Heart Wisdom and the Modern Warrior
Our heart wisdom has the ability to bring that which is out of balance into greater equilibrium. Heart wisdom can allow us to contact the raw power of our anger, ferocity, and warriorship in a way that will preserve life.
We can utilize our warriorship to overthrow systems that are no longer in service to the providence of life. We can create a world in which working together, inclusivity, communication, right action, love, and respect become the foundations for a new world.
When we lead with our hearts, we no longer engage in impulsivity. We are able to contact the spaciousness of our presence and unlock our innate intuitive understanding of the situation at hand. We are no longer a slave to our emotions or feelings.

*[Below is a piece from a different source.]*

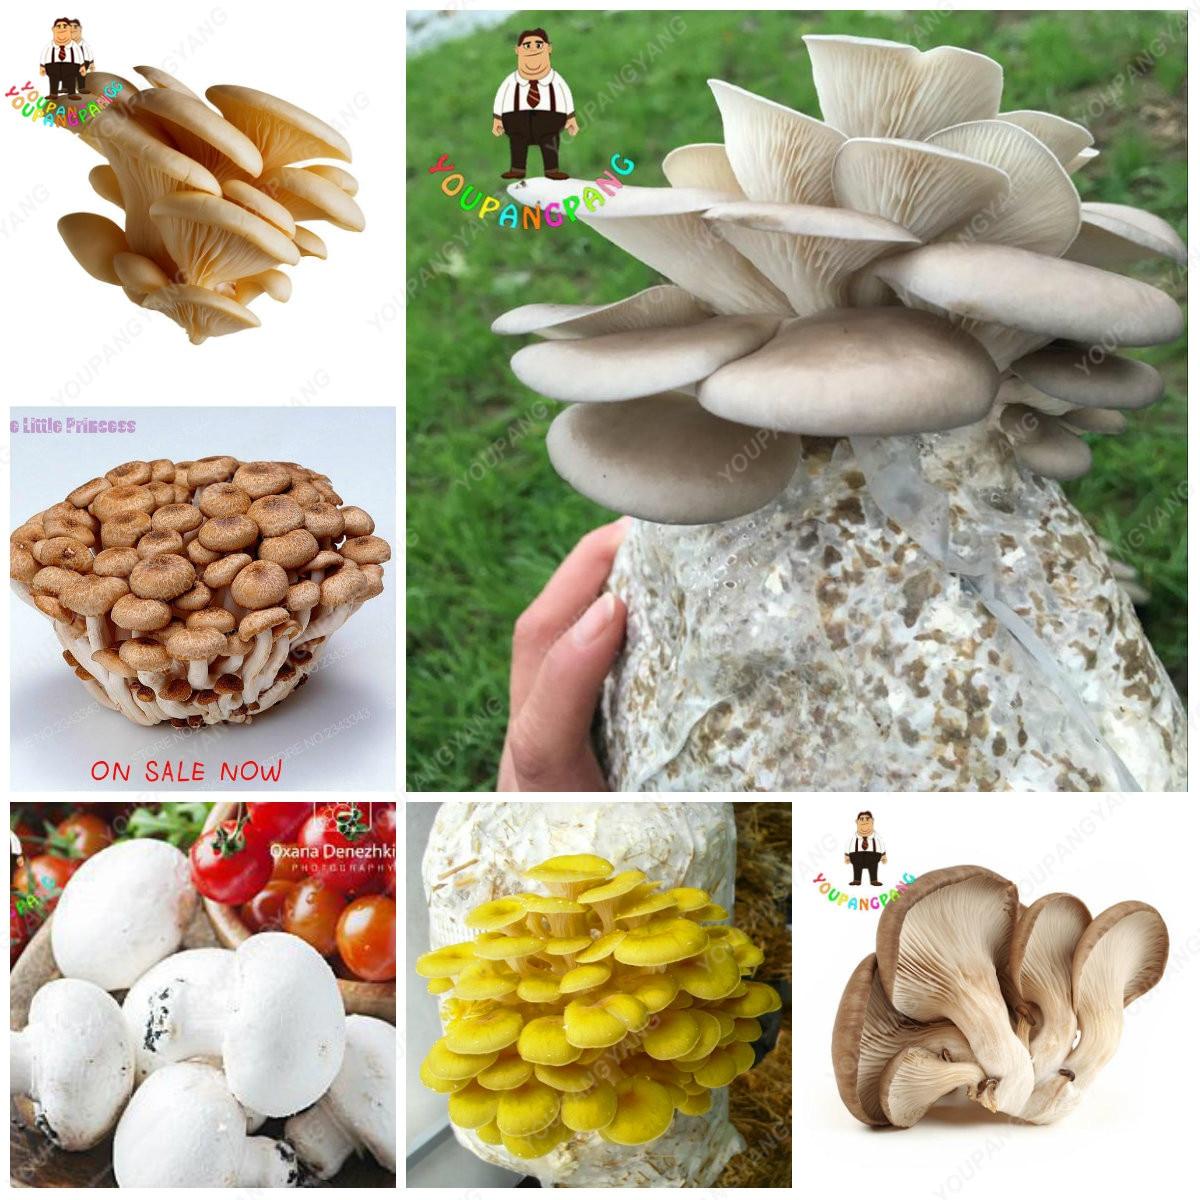 Hot Sale 100 Pcs A Variety Of Mixed Edible Mushrooms, Pleurotus Delicious Mushroom Strains Plants Bonsai Fruit Vegetables Garden

We learn to wield the power of our emotion, speech and action with finesse.
What if we had the power to diffuse horrific situations through cultivating our own love, compassion and self-understanding? Would we still seek to destroy or obliterate the misdirected? Or, would we stand in our truth and work together to find solutions?
I believe each and every one of us has the power to create lasting positive change for the good of all humankind. I have tremendous confidence in our ability to learn to have compassion for the people who abuse power and cause great pain. I know that we possess the ability to use our pain and grief as fuel and inspiration for our growth and global transformation. It will take such an act of extraordinary selflessness to catalyze the healing needed to unite the world in love.
In my heart of hearts, I know we have the strength, wisdom, and resilience to commit one of the highest acts of love possible, “Loving those that can’t love themselves.”
Tools for Coming Together and Self-Regulation in Times of Great Unrest
- Seek out the support of friends and family.
- Connect with your larger community.
- Seek out the support of a trusted mentor, teacher, elder, or healer.
- Find vehicles and creative outlets to vocalize and express your feelings
- Remember to connect with your breath.
- Welcome the full spectrum of all your emotions. There is no shame in feeling what you feel.
- Move your body in whatever ways feels good for you. Whether you move, shake, dance, practice yoga, hike, bike, run, climb, or lift weights, moving helps us release pent up energy, stress, and trauma in the body.
- Connect with your meditation practice or any mindfulness practice that helps to anchor you in the present moment.
- Nourish yourself with good food, clean water, and anything that helps you feel healthy and nourished.
- Make enough space to rest and sleep deeply. We need all the energy and rejuvenation time we can get!
- Love on yourself and each other as much as possible. We really need each other right now more than ever.